How does the composition of the material affect the degree of flammability

Non-combustible materials can be safely attributed to those that are made from mineral substances and become the basis of the entire product. These are brick, glass, concrete, ceramic products, natural stone, asbestos cement and other building materials that have a similar composition. But in the production, other substances are also used as additives, the combustibility group of which is different. These are organic or polymeric compounds. Thus, non-combustible material already becomes vulnerable in the combustion process, which means that confidence in its non-combustibility is significantly reduced. Depending on the proportions that make up the production for the preparation of a particular product, the material can move from the category of non-combustible to the group of slow-burning or combustible.

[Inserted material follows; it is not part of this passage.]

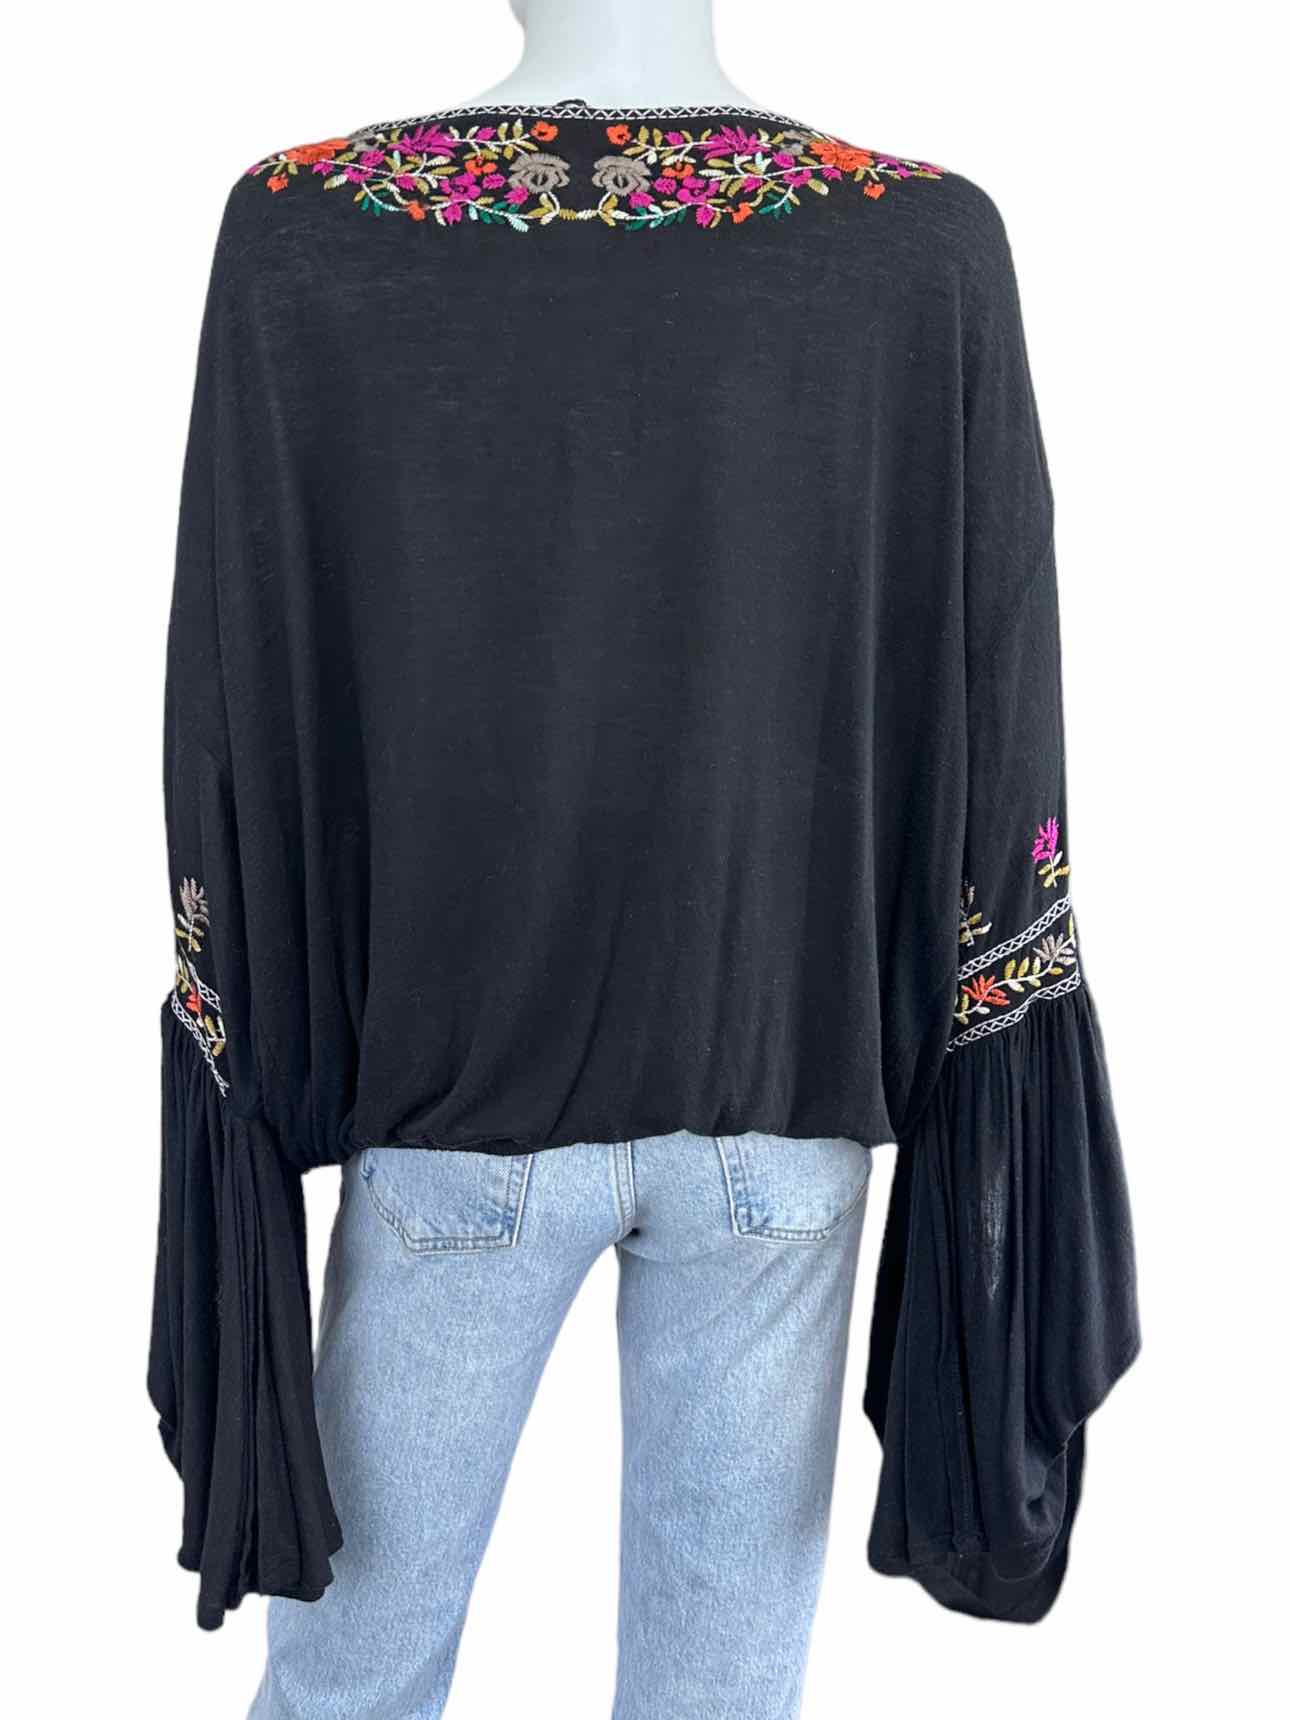 Free People Embroidered Blouse Size XS
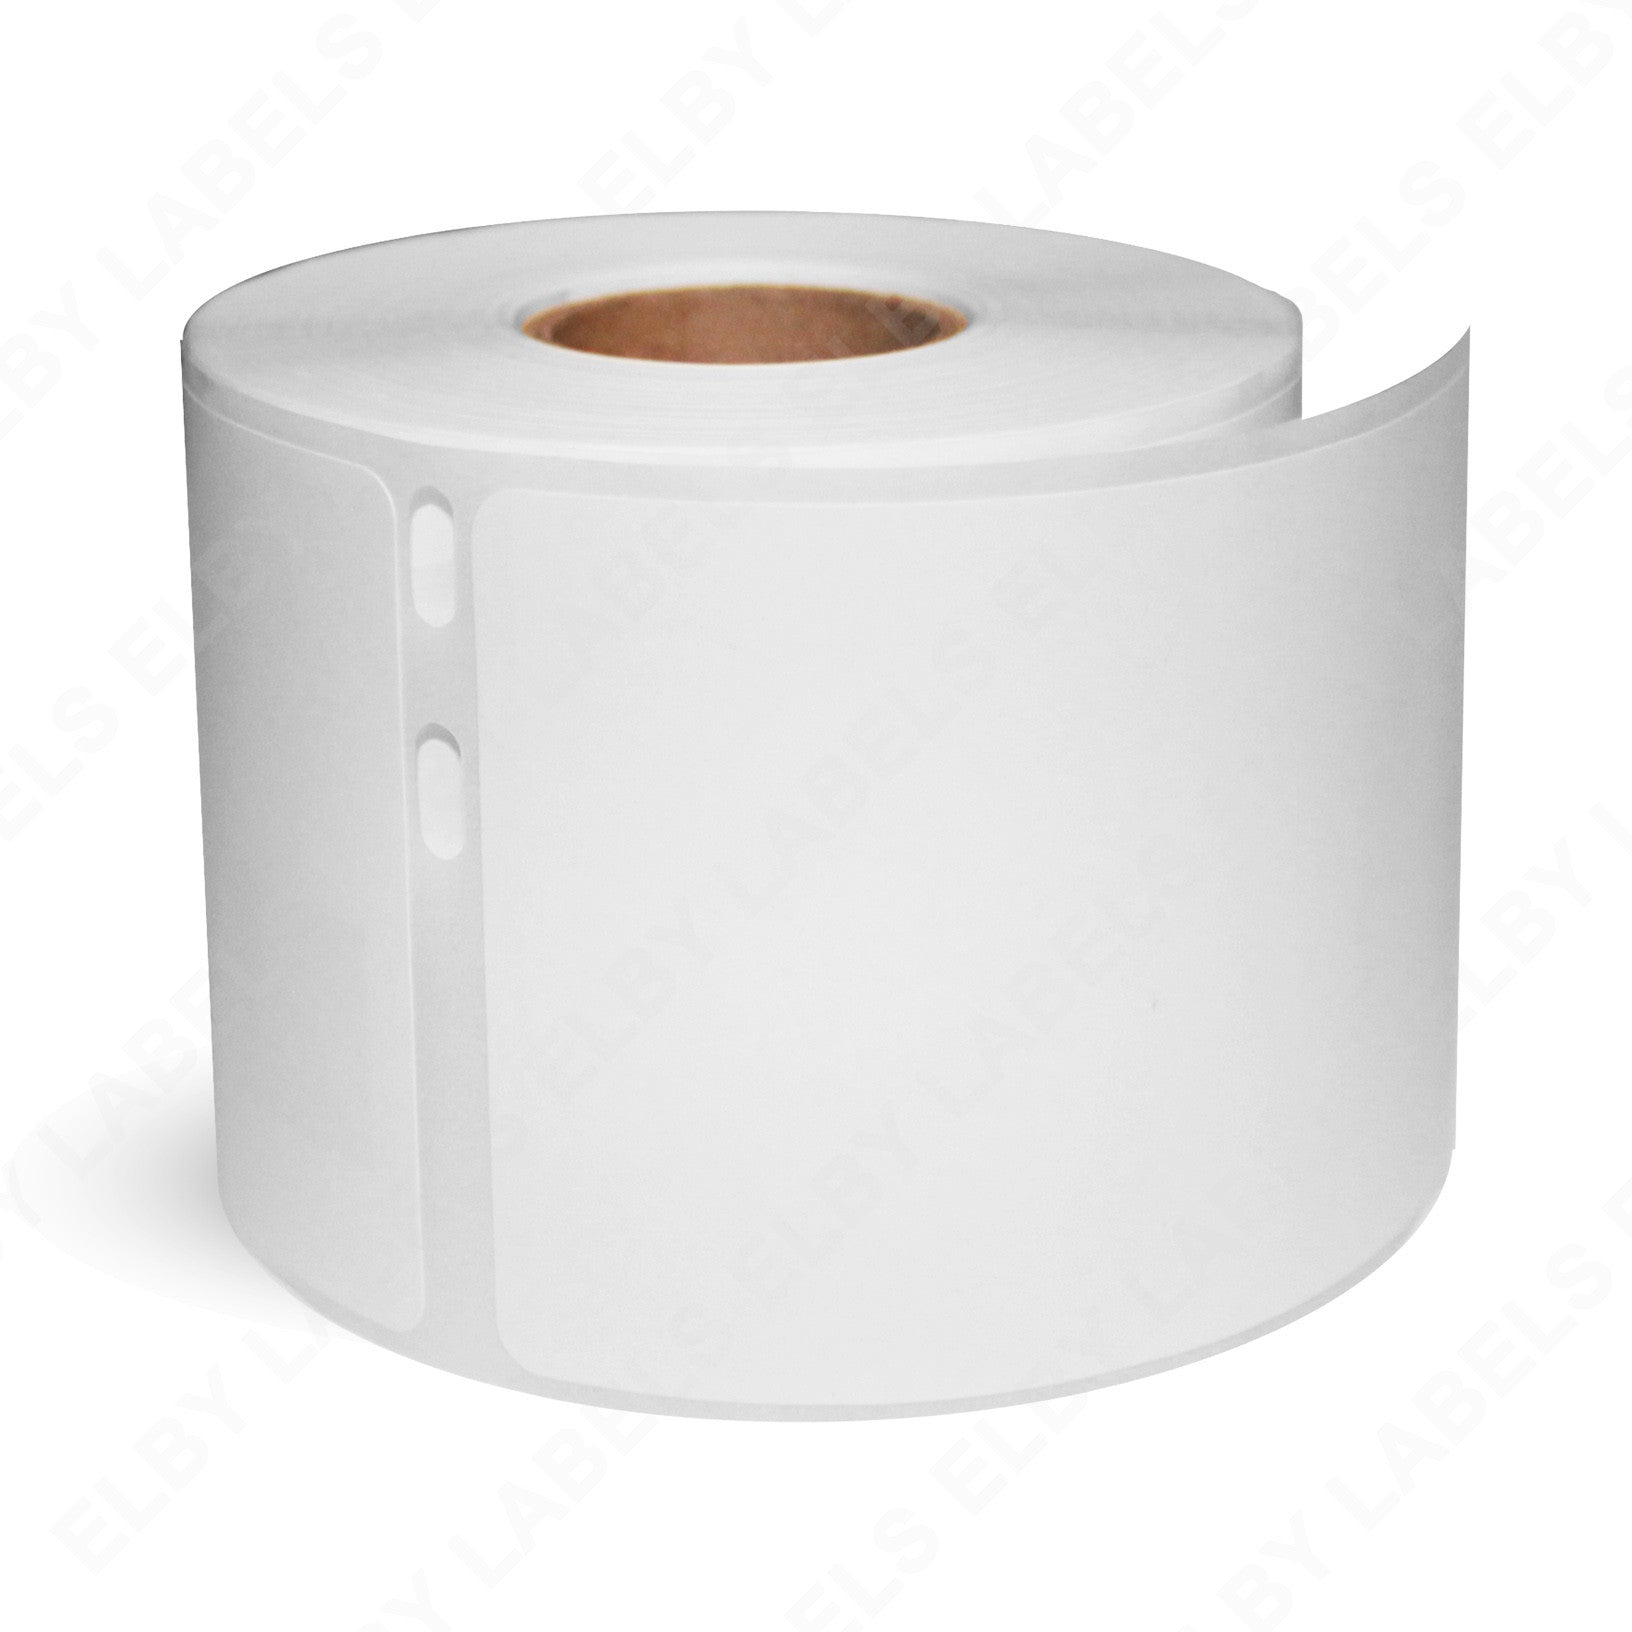 2-1/8 X 4 Small Shipping Labels - Direct Thermal Ultra Removable Paper - DYMO  30323 Compatible - 220 Labels/Roll- White, LD-30323-UR

Types of flammability classes

Regulatory documents impose requirements on the need to ensure fire safety, and GOST 30244-94 establishes a flammability class and methods for testing building materials for flammability. Depending on the indicators and the behavior of the material when exposed to fire, 4 classes are distinguished.

Slightly combustible

A group that includes materials during combustion of which the flue gas temperature does not exceed 135 ° C. Combustibility G1 must have a degree of damage to the material along the entire length of the sample of not more than 65%, and a degree of destruction of not more than 20%. In addition, self-burning should be 0 seconds.

Moderately combustible

A group that includes materials, during combustion of which the flue gas temperature does not exceed 235 ° C. Combustibility class 2 has a degree of damage to the material along the entire length of the sample not more than 85%, the degree of destruction is not more than 50%, and self-burning should not exceed 30 seconds .

Normal flammable

A group that includes materials during combustion of which the temperature of the flue gases does not exceed 450 ° C. Combustibility G3 must have a degree of damage to the material along the entire length of the sample of no more than 85%, a degree of destruction of no more than 50%, and spontaneous combustion should not exceed 300 seconds .

highly flammable

A group that includes materials, during the combustion of which the temperature of the flue gases begins to exceed the threshold of 450 ° C. The flammability class G4 has a degree of damage to the material along the entire length of the sample of more than 85%, a degree of destruction of more than 50%, and self-burning exceeds 300 seconds.

Additional requirements are imposed on combustibility materials G1, G2. When burning, they should not form drops of melt. An example is linoleum. The flammability class of this floor covering cannot be 1 or 2 due to the fact that it melts strongly during combustion.

Material Safety Parameters

In addition to the flammability class, additional parameters are used in the aggregate to classify the safety level of building materials, which are determined through tests. This includes toxicity, which has 4 subsections:

• T1 - low degree of danger.
• T2 - moderate degree.
• T3 - increased indicators of danger.
• T4 - super-dangerous degree.

The smoke-generating factor is also taken into account, which contains 3 classes in the regulatory documents:

• D1 - low ability.
• D2 - average ability.
• D3 - high ability.

Flammability is important

• B1 - flame retardant.
• B2 - moderately flammable.
• B3 - flammable.

And the final criterion that makes up the safe use of products is their ability to spread flame over the combustion surface:

• RP-1 - non-propagating.
• RP-2 - weakly propagating.
• RP-3 - moderately spreading.
• RP-4 - strongly propagating.

The choice of building materials

The combustibility class and additional criteria for assessing safe materials are a significant indicator when choosing. The structure, regardless of the scope, place of use, must be safe for humans and, moreover, eliminate the risk of harm to health. First of all, it is necessary to competently approach the appointment of building materials in a specific area of ​​\u200b\u200bwork. In construction and repair, constructive, finishing, roofing, insulating materials are used, which means that each of them has its place of application. Improper use may cause fire.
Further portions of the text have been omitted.